━━━ Data excerpt ━━━
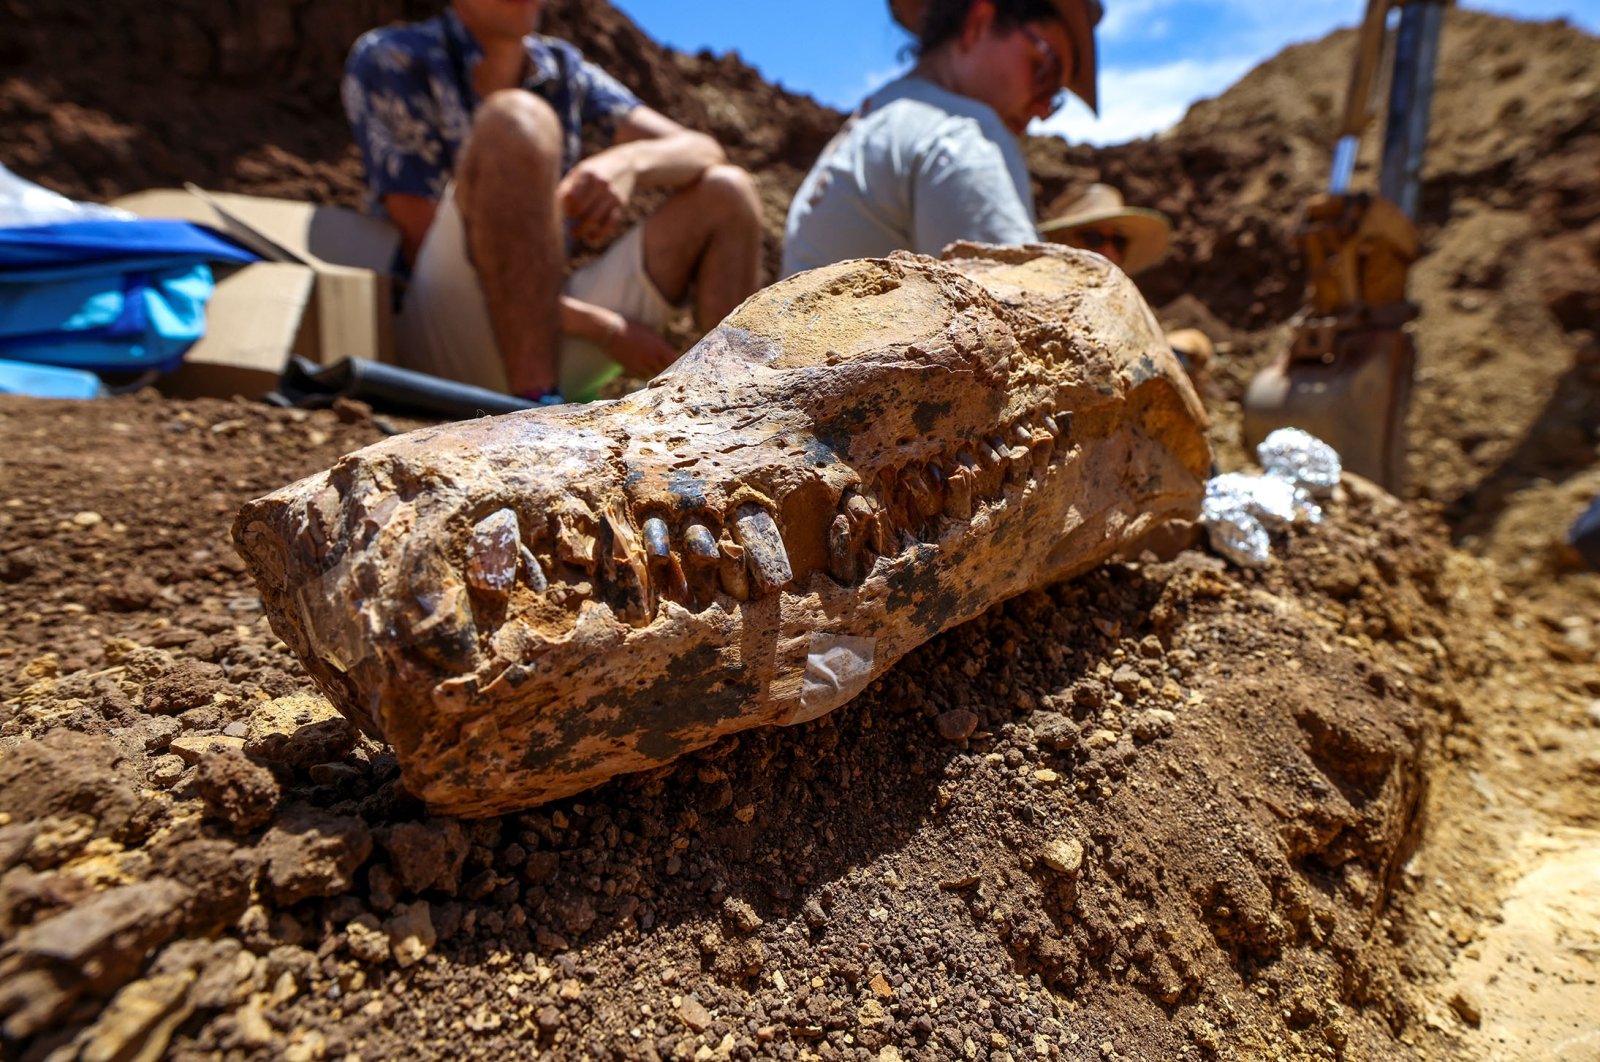 A 100-million-year-old long-necked marine reptile fossil, in Mckinlay, Queensland, Australia, Oct. 2, 2022. (Reuters Photo)
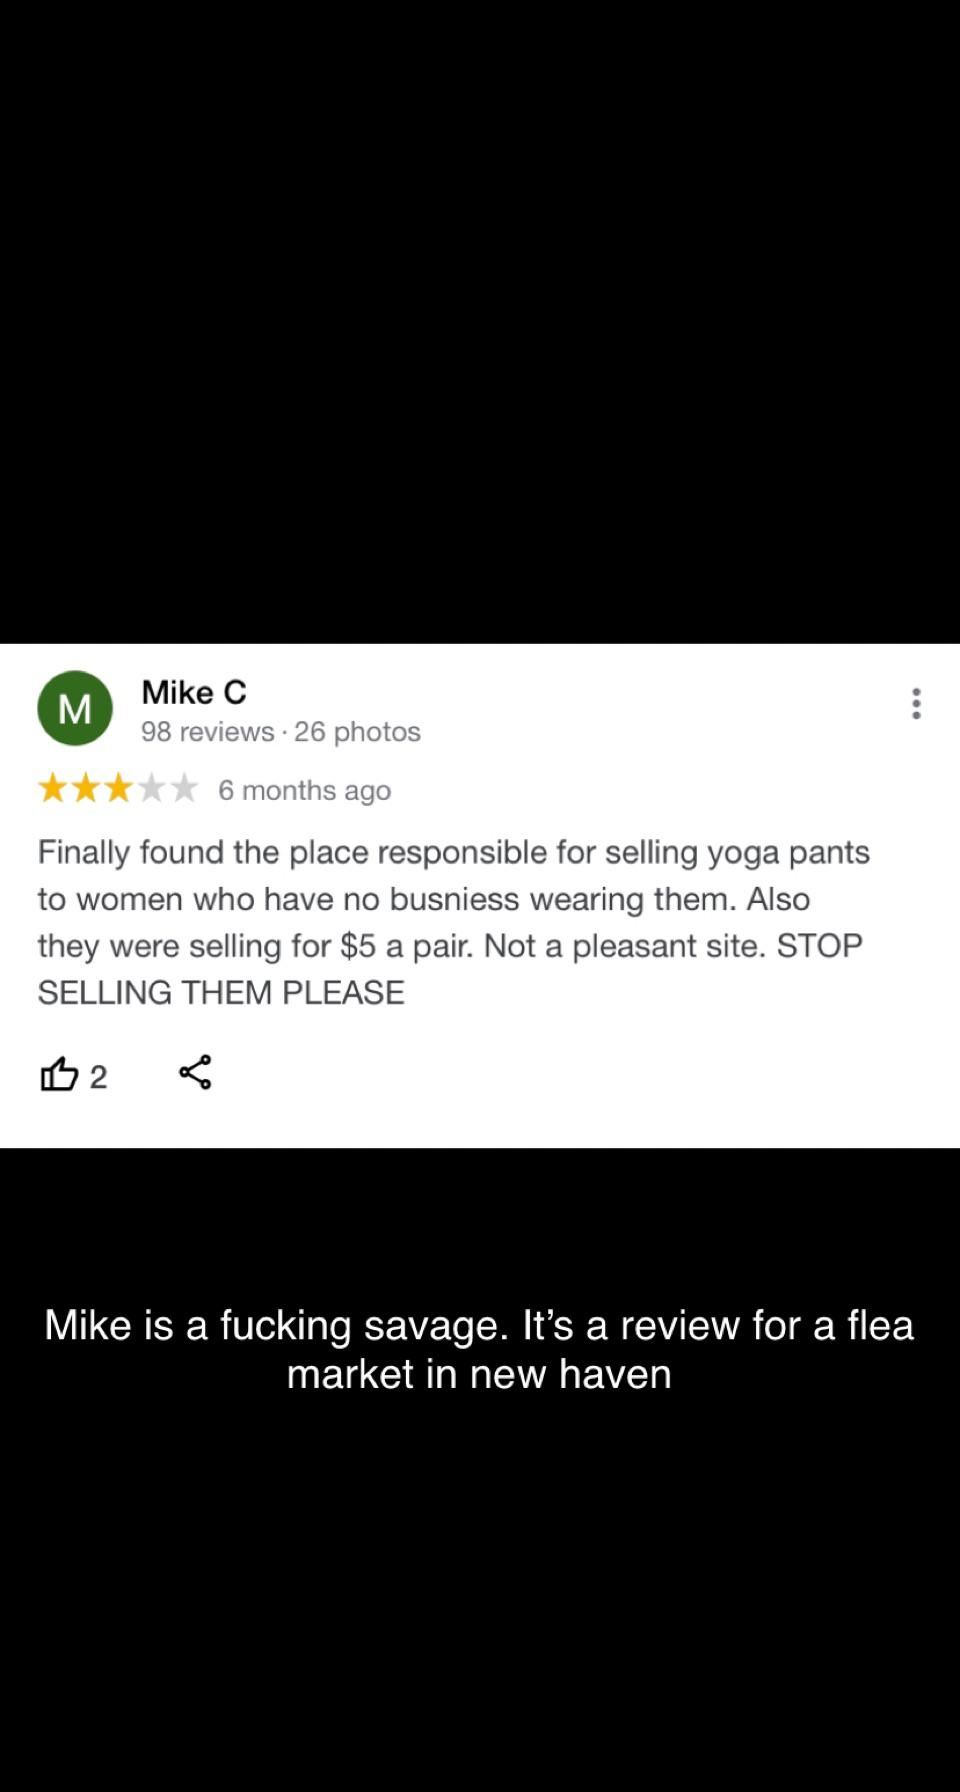 Mike is not happy
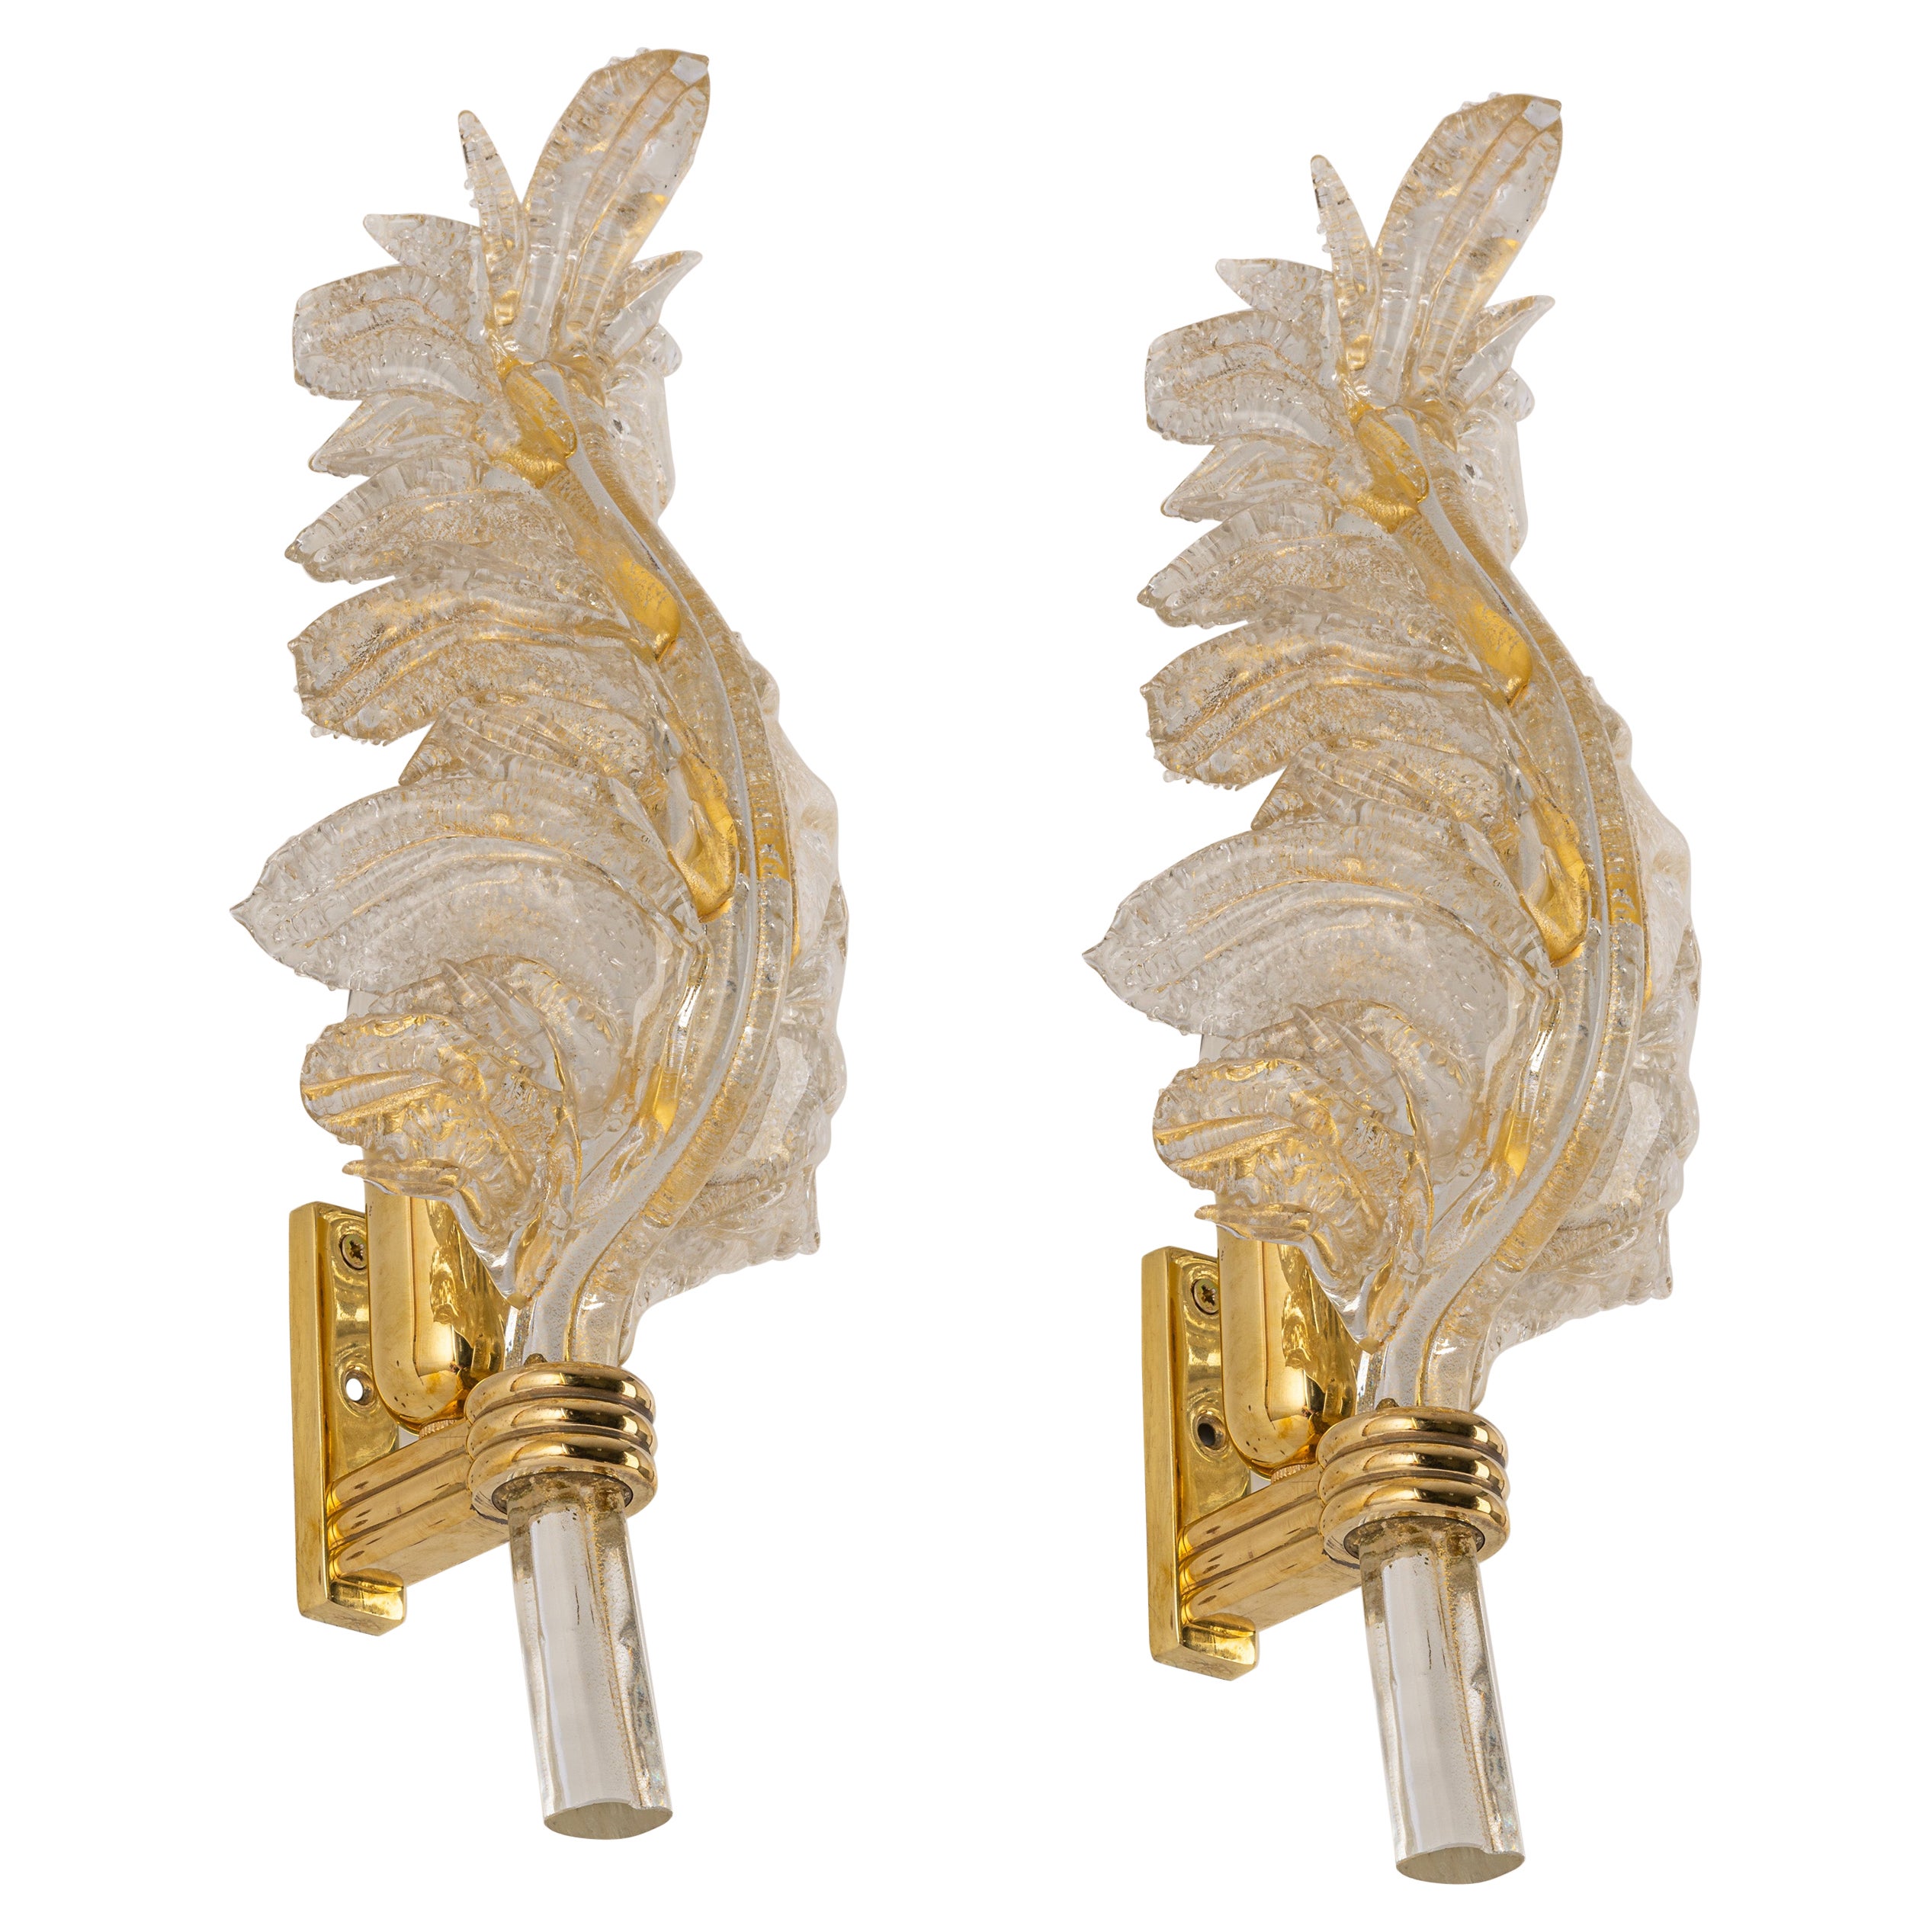 Pair of Large Murano Glass Wall Sconce by Barovier & Toso, Italy, 1970s
━━━
The task:
Without the pictures, give every line of the data again, exactly as written.

Answer section:
 A 100-million-year-old long-necked marine reptile fossil, in Mckinlay, Queensland, Australia, Oct. 2, 2022. (Reuters Photo)
 Mike is not happy
 Pair of Large Murano Glass Wall Sconce by Barovier & Toso, Italy, 1970s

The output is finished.